**What you should do**.
Dropping every picture, set down exactly the lines in the entries below, starting with the line with "Constructing a River, Building" and going on through the line with "Mykonos island hopping: 5".

**Information supplied**.

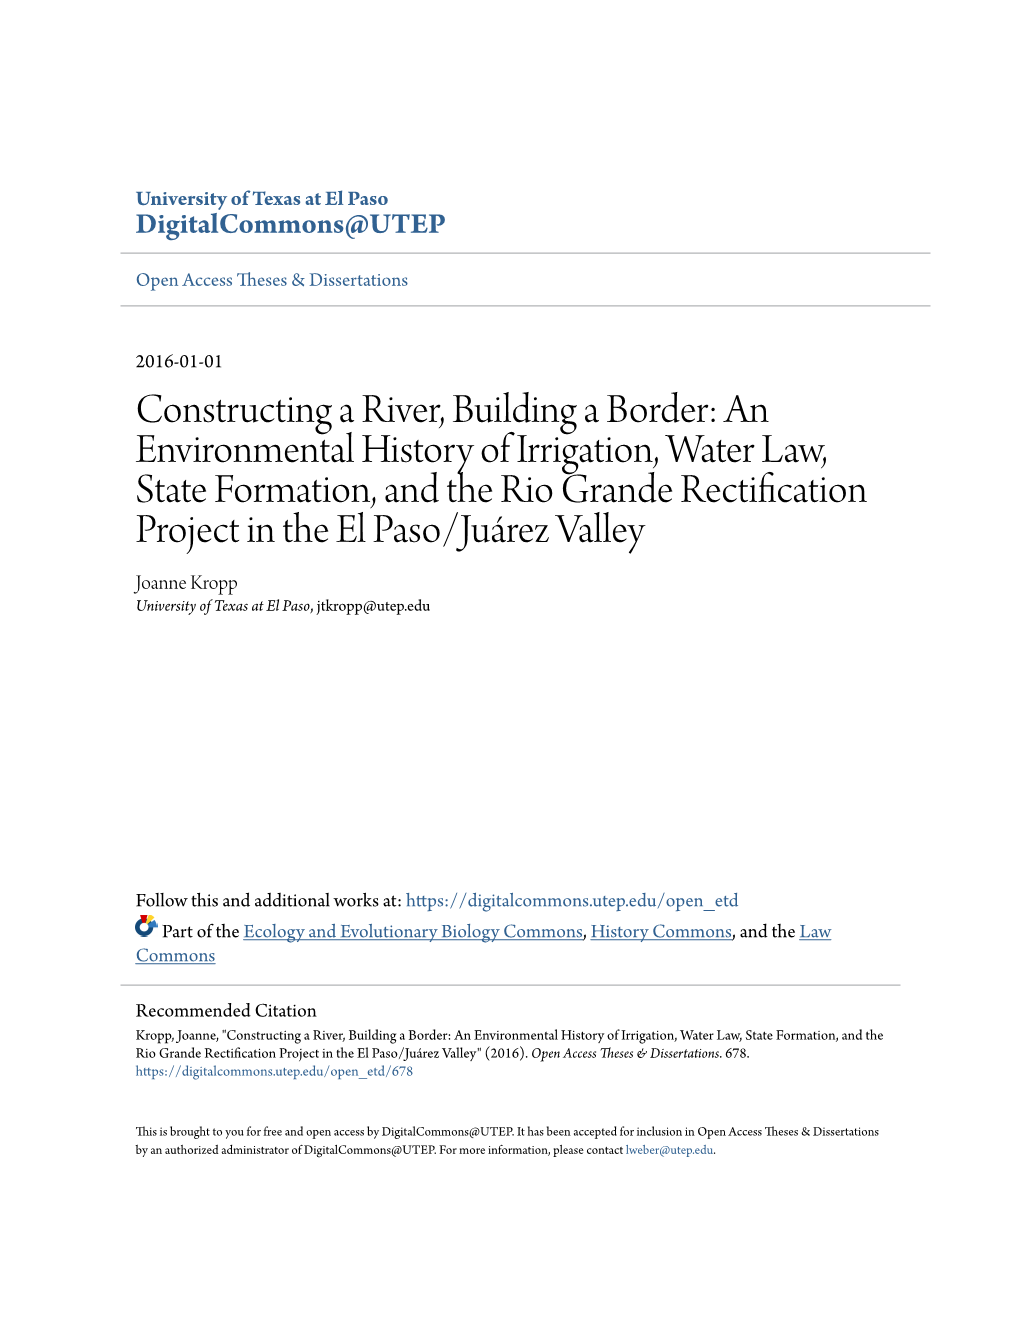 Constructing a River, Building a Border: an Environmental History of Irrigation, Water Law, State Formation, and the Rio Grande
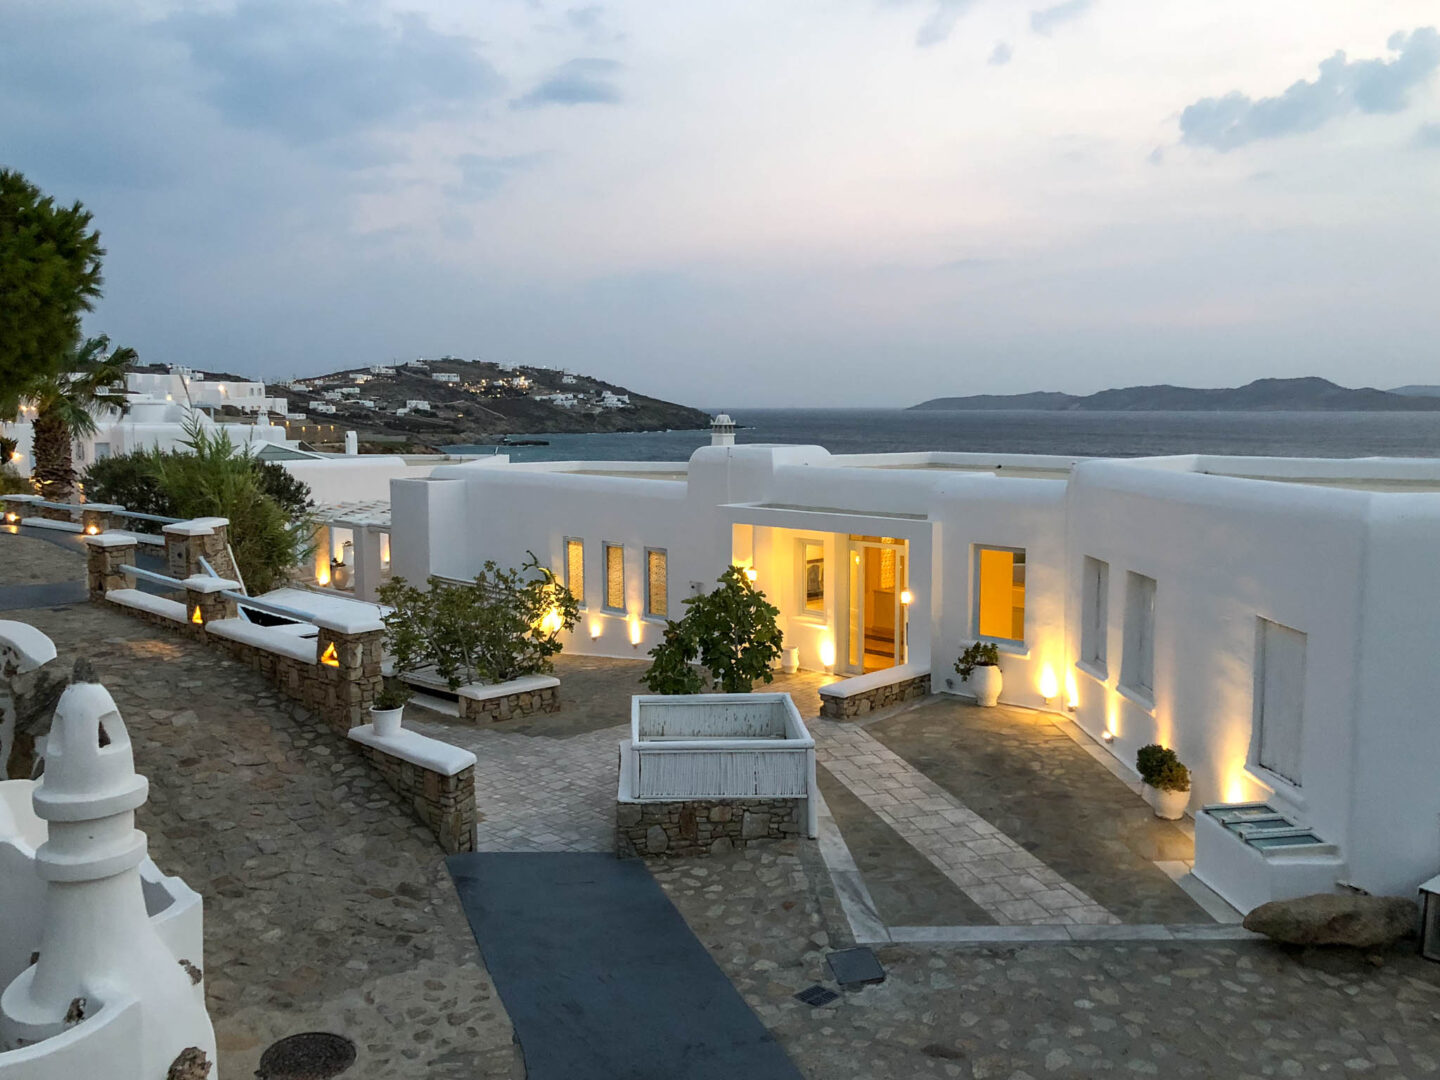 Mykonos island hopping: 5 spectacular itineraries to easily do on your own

==

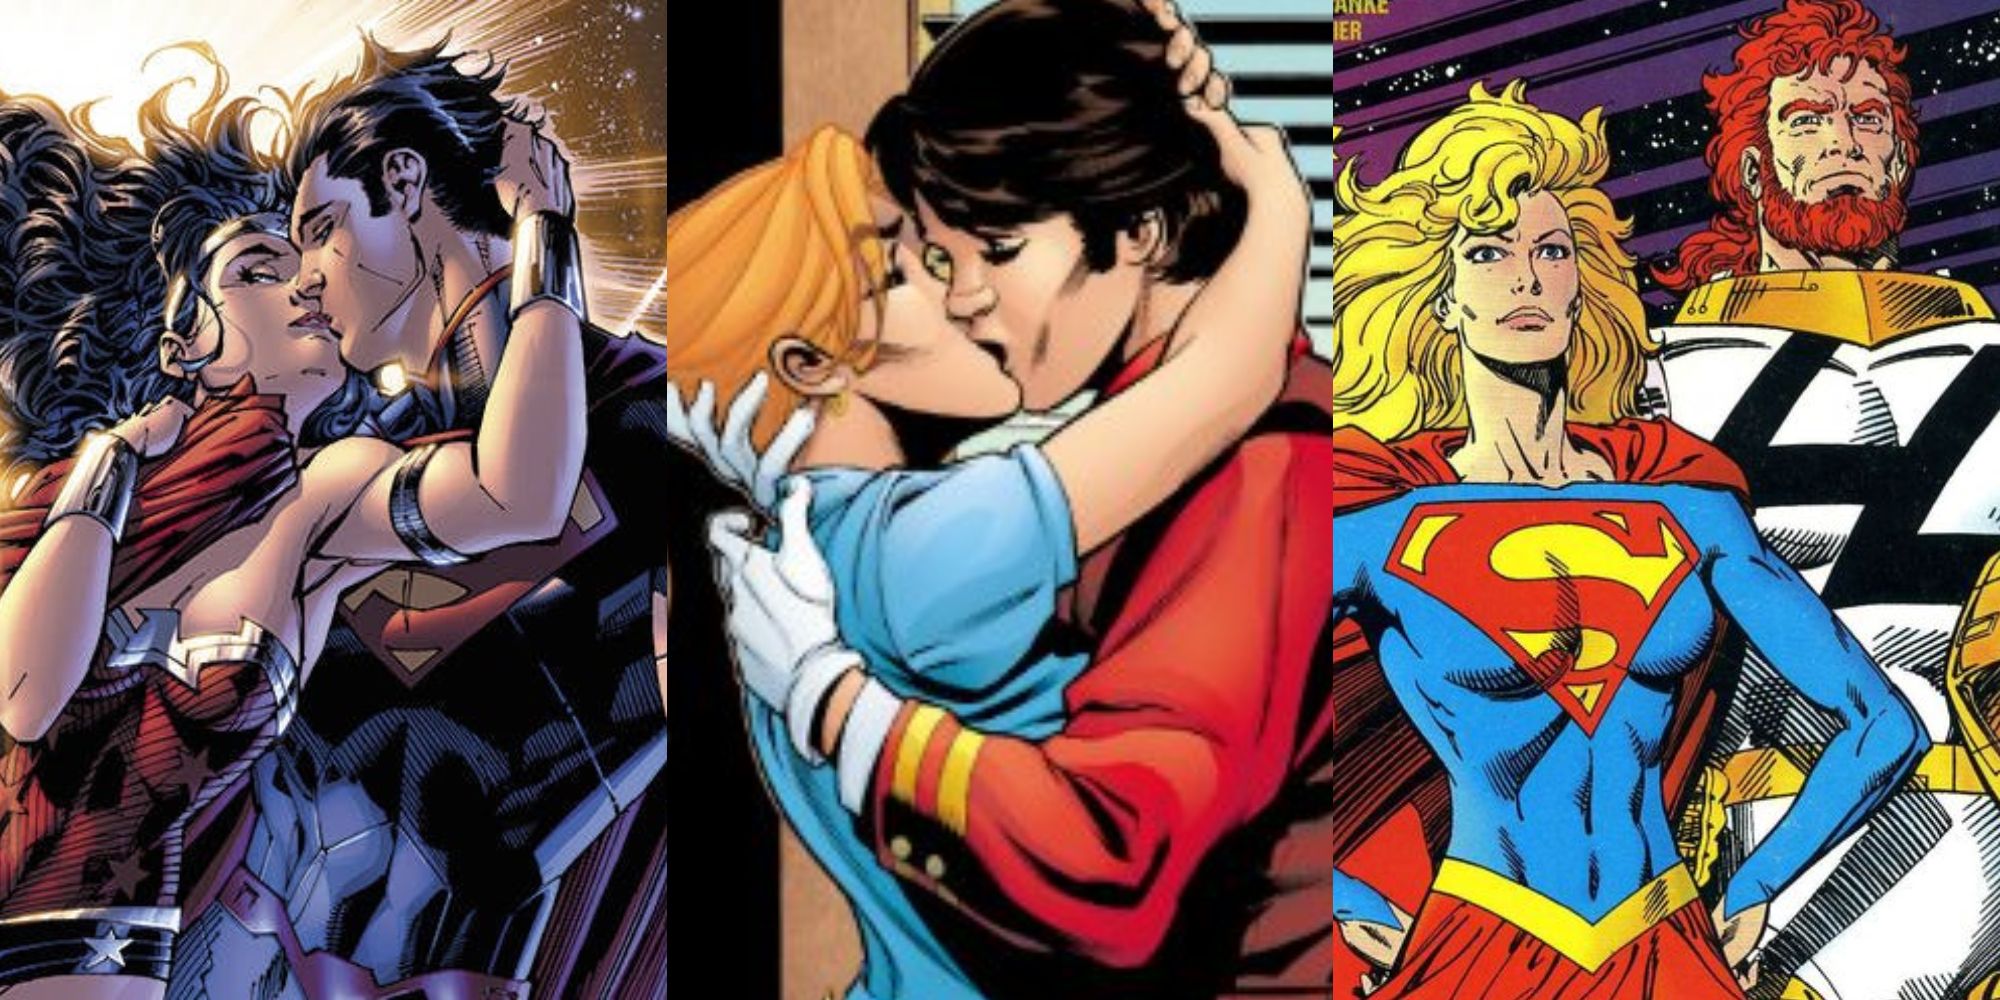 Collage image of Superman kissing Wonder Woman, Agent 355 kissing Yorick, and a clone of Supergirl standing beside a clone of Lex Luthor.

**Completed exercise**.
 Constructing a River, Building a Border: an Environmental History of Irrigation, Water Law, State Formation, and the Rio Grande
 Mykonos island hopping: 5 spectacular itineraries to easily do on your own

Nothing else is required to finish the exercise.